▸ **WHAT THIS TASK INVOLVES**: Below are records with pictures. Transcribe exactly, and only, the lines from the line with "Red Cross Adult, Child, &" to the line with "GENERAL SOLEIMANI SAID", both ends included, but not the pictures.

▸ **DATA FOR THIS TASK**:
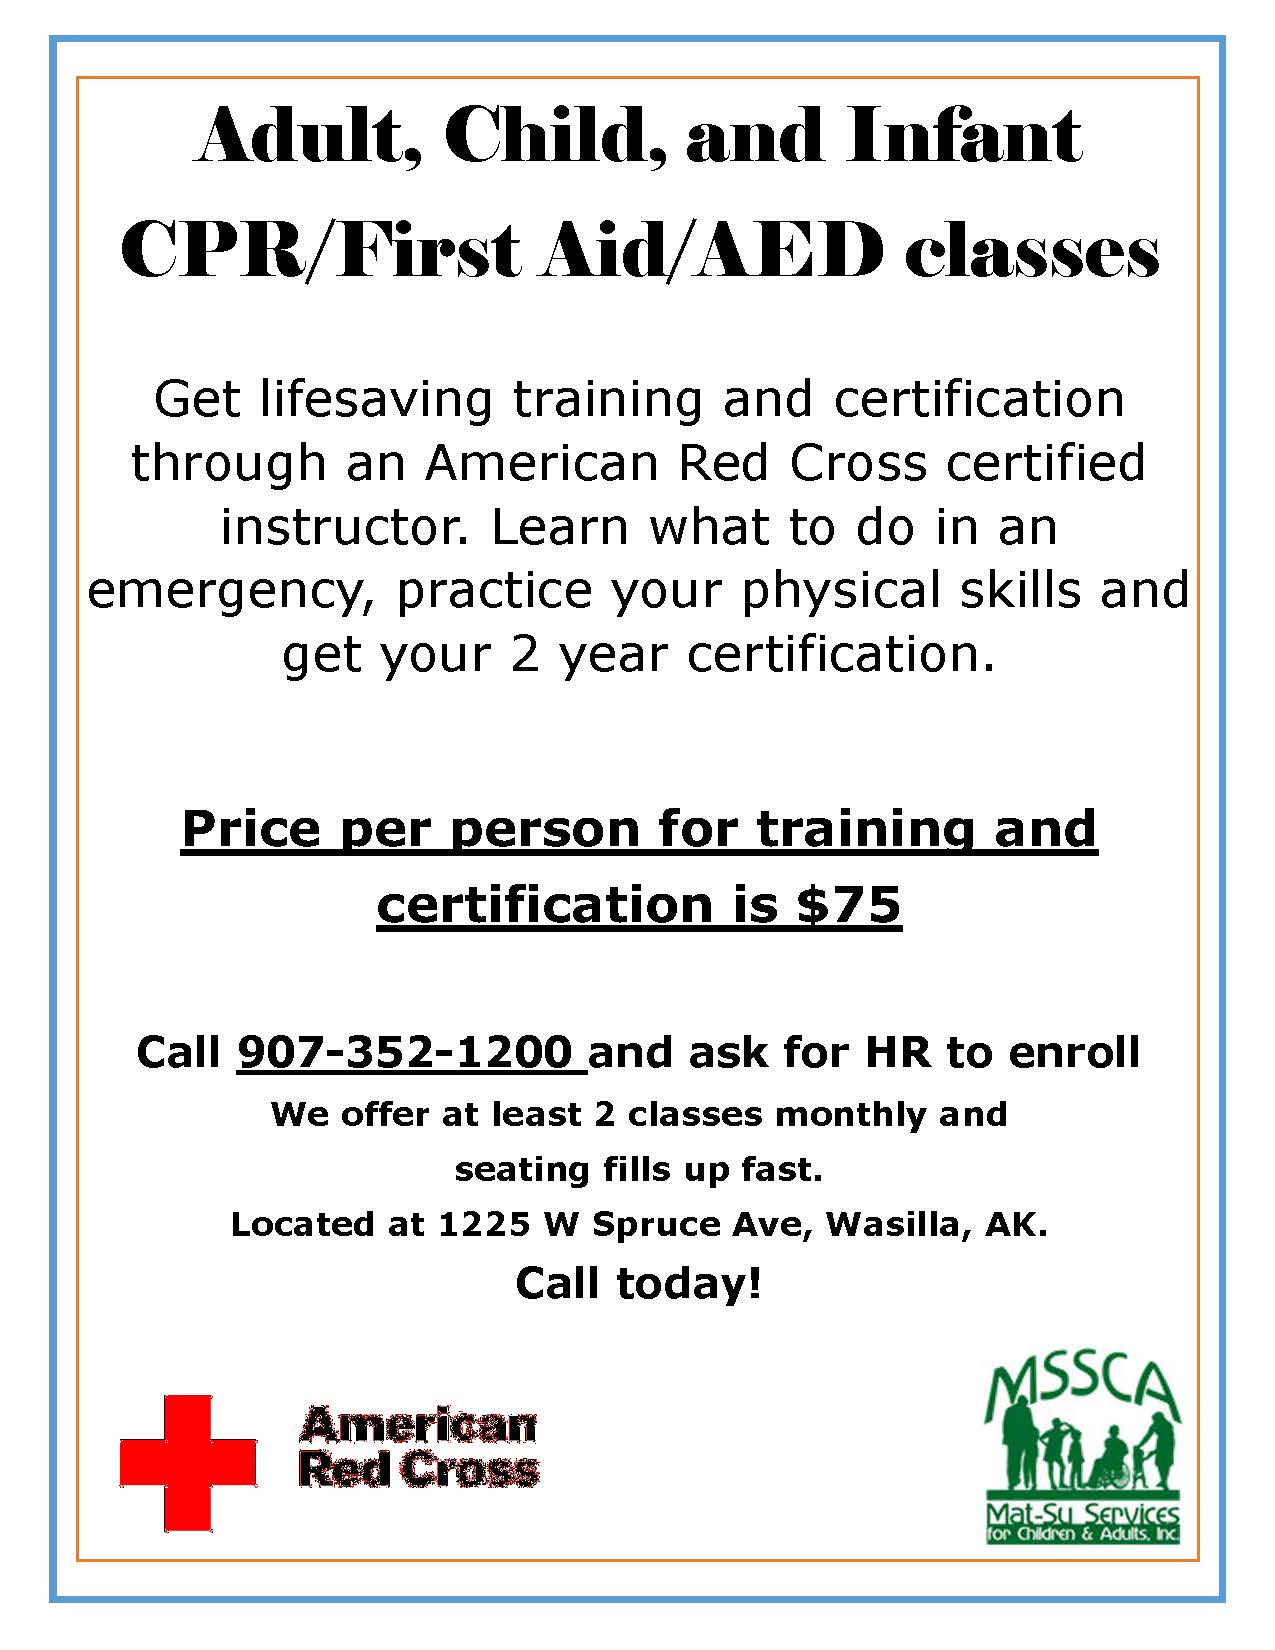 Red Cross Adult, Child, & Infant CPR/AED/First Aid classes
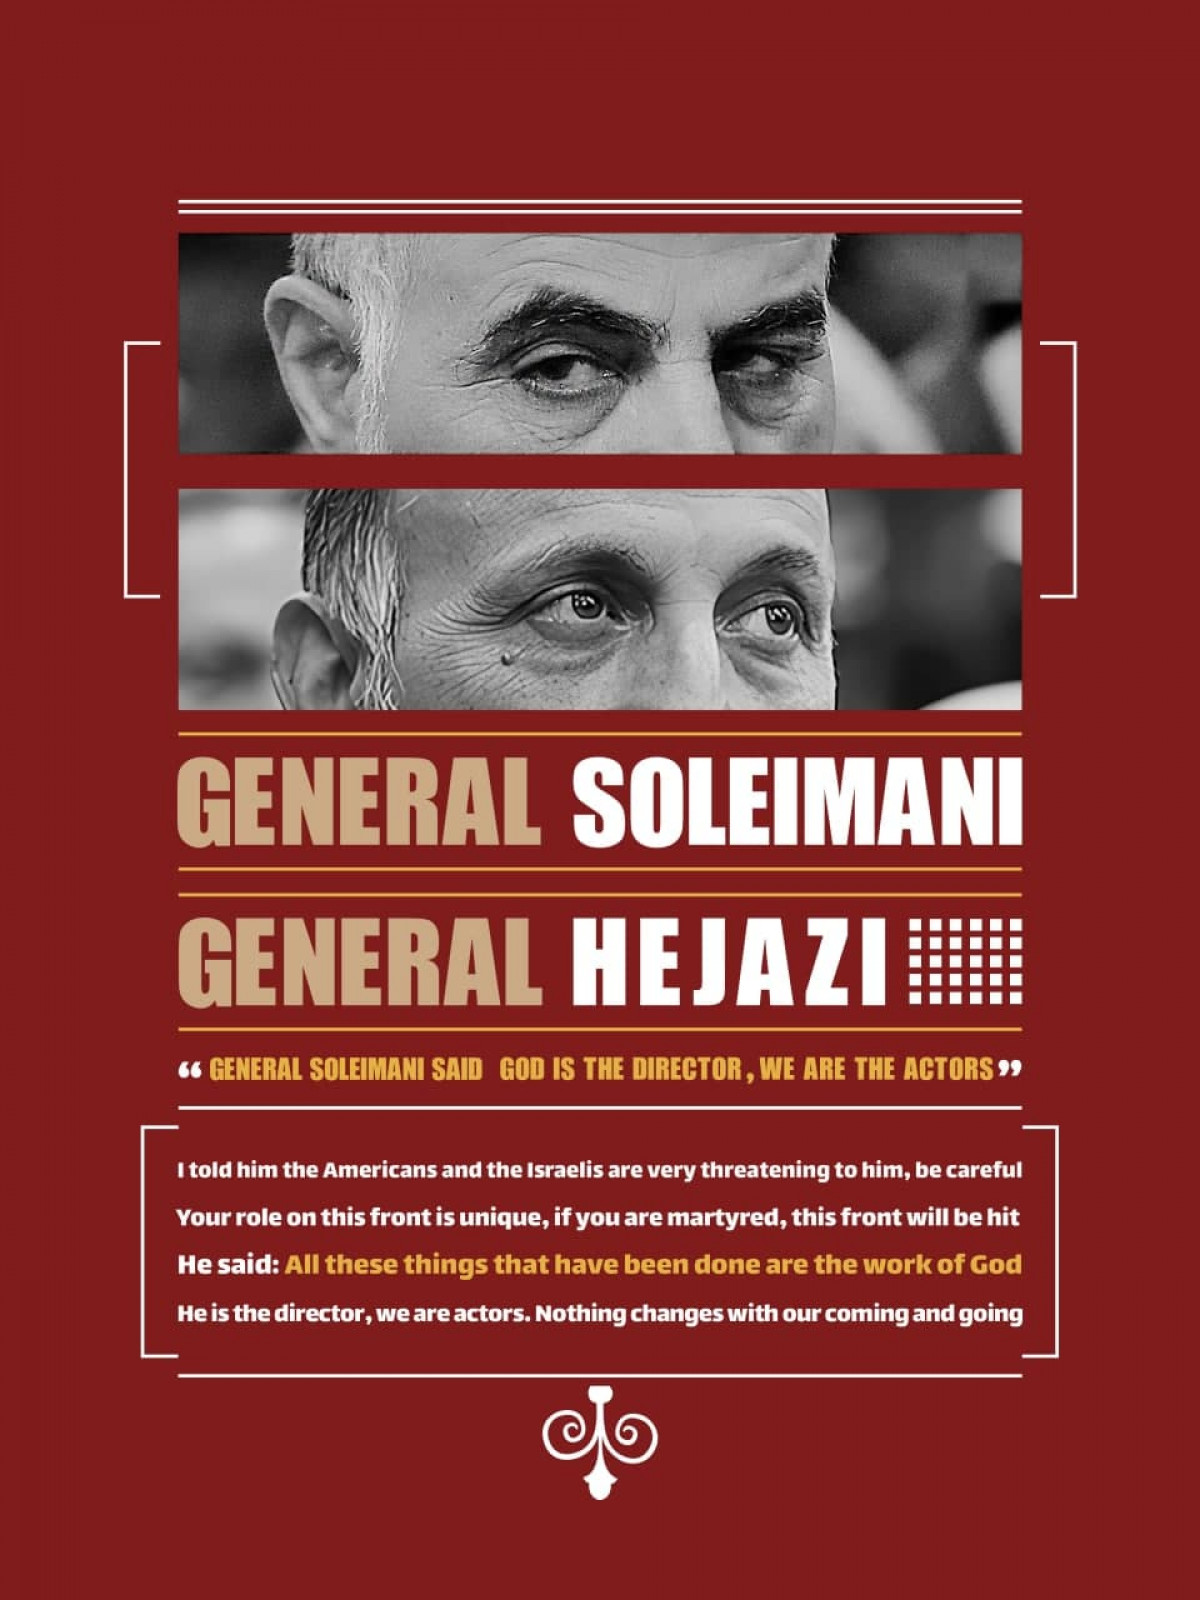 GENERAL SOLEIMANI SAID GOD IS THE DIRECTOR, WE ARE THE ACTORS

...

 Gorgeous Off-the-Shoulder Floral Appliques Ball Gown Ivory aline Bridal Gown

▸ **ANSWER TO THE EXERCISE**:
 Red Cross Adult, Child, & Infant CPR/AED/First Aid classes
 GENERAL SOLEIMANI SAID GOD IS THE DIRECTOR, WE ARE THE ACTORS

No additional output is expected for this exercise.